In God We Trust.....Semper Fi
I was deployed to an airbase in Oman and doing very little. I was an air traffic controller and the base I was at handled mostly C-130’s. There was a port about 50 miles from the base. Ships would dock there offloading munitions. Trucks would carry the munitions up to the base, transfer it to the 130’s, and then flown north to where the Army was. In the weeks leading up to the start of the war the base was very, very busy. C-130’s were arriving and departing around the clock, actually it was some of the busiest traffic I ever worked. Constant drone of C-130’s landing, taxiing, and taking off. But when the airwar started the traffic out of our base pretty much stood down. The airspace folks didn’t want slow C-130’s flying in the same airspace as so many fighters. So for me, there was little to be done.
I remember well.
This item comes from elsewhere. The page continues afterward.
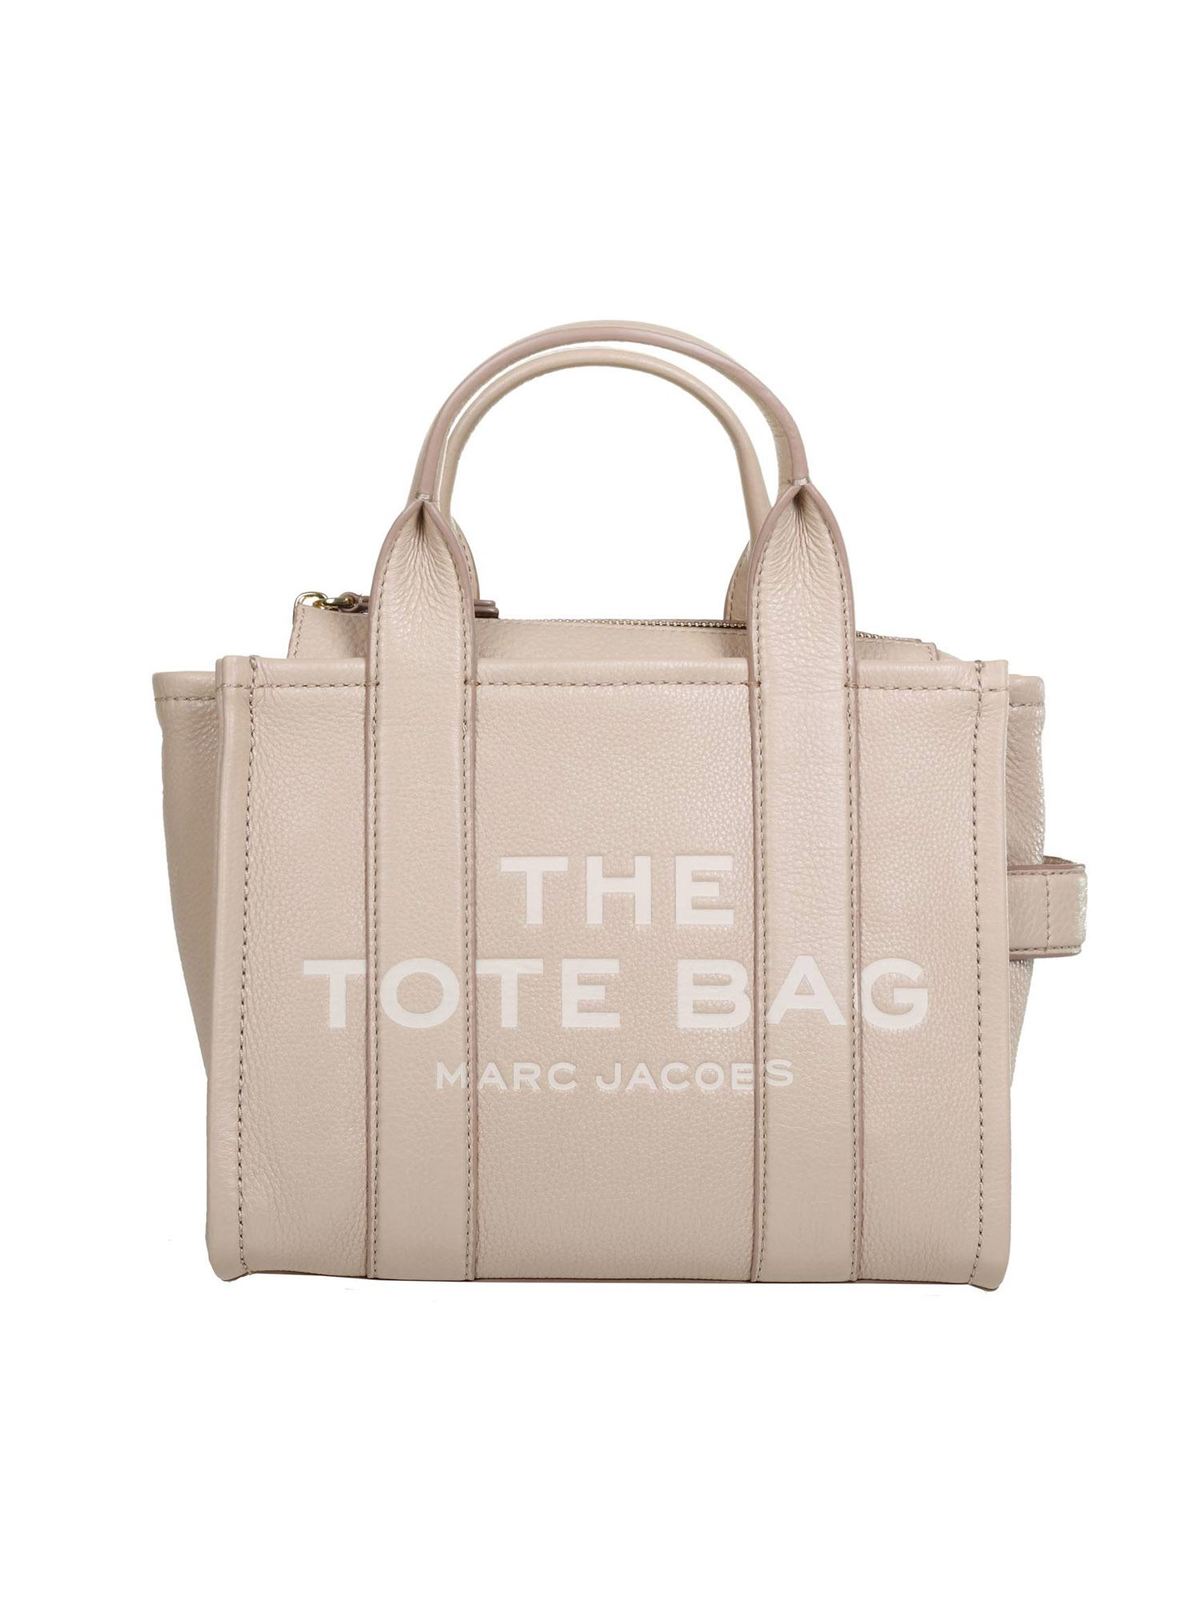 MARC JACOBS MINI TRAVELER TOTE BAG IN TWINE COLOR

I had left Saudi Arabia after a two and a half year contract installing a missile tracking system.
It was in place and in full operation when it was needed about a year later for the missiles we had to shoot down coming in from Baghdad.
It was as if someone knew what was going to happen in the future - HUH?
At college...I was the Cadet Corps Commander at my Air Force ROTC unit, and my Vice Commander and I were printing what we thought was the Final version of the next week’s Ops Order and Training Plan, while drinking beer with a TV in the background playing CNN.
We didn’t get to finish the beers. We also got a call from our active duty officer-in-charge, ordering an up-till-then never-tested recall of the leadership of the Cadet Wing.
By the time we were released (sometime around 2AM, IIRC) we had completely re-written our entire semester’s Ops and Training Plans and gone through a lot of pizzas. That was also the semester when I really became addicted to coffee.
I took a three or four hour lunch that day to watch it live on CNN.
Amazing.
I was logging in the woods in Idaho.
Hadn’t had a TV in a long time. Decided I better go get one.
I was riveted to am AM radio listening to a ‘live’ feed from CNN Headline News, back when they were on the radio in Atlanta. (this was at work).
I stayed glued to the TV when I got home.
I was feeling “YESSSS!!” on the outside and anxiety and prayers for our warfighters on the inside.
I was on a US Navy warship in the Red Sea.
Working night shift for Boeing.
On my dinner break I watched a news feed of an F-4 Wild Weasel taking off. Boeing hung a large US flag in our cafeteria and set up a big screen TV.
I was stationed in the Coast Guard in Santa Barbara and working around the clock in Port Hueneme, CA activating the mothballed MSC “Rapid Response” vessels for transportation of military cargo to the Middle East.
Gunner
I was hittin’ it when the war started.
In an operating room (not as a patient) - remember someone coming in and saying that the bombing had started.
In the garage working on my drag car.
Sitting in a TEMPER tent near the flight line in Sharjah listening to the President’s address on the radio with the rest of my flight crew. Like the ATC guy above we had been moved down range from Dhahran S.A. to make room for the fast movers.
I was recently out of the Marine Corps and called some folks inside to see if my MOS was on the critical list. It wasn’t.
Anybody else remember Jim Eason in those days and ‘So...when does the ground war start?’
I was in my freshman year of college, was working on my homework with my TV on, and saw the Iraqi sky light up with AA fire. Began to contemplate along with my other buddies if we would soon be drafted.
I was a cadet at West Point. We sat in the ‘day room’, where there was a TV set. We waited anxiously for every report about how many bombers had made it back vs being shot down.
There had been a long run-up to this...Saddam’s invasion having happened the previous August. According to the media, this would be a terrbly bloody war that would last for several years. Based on this, we all expected to eventually go over there; and, we were very, very interested in how well the air war would go. Turns out things went alot better than advertised, and I never went to the sandbox.
I was SO pround that my country had FINALLY KILLED the Viet Nam era thing.
This Vietnam Era vet felt the same way. Amen, brother, Amen!
Shuffling messages for Commander, Training Command, Atlantic (COMTRALANT) and lamenting about how I joined the military to go to war and come home a hero, and that the only war that came along found me stuck on shore duty here in Norfolk. I had transferred off the USS John F. Kennedy (CV-67) the previous March after 3 1/2 years of sea duty just in time to see them deploy for Desert Shield. Gone to Fleet Training Center or instructor duty and was sent TAD to TRALANT for 6 months.
My Dad was awarded a Bronze Star in WWII, best I did was three Navy Marine Corps Achievement Medals.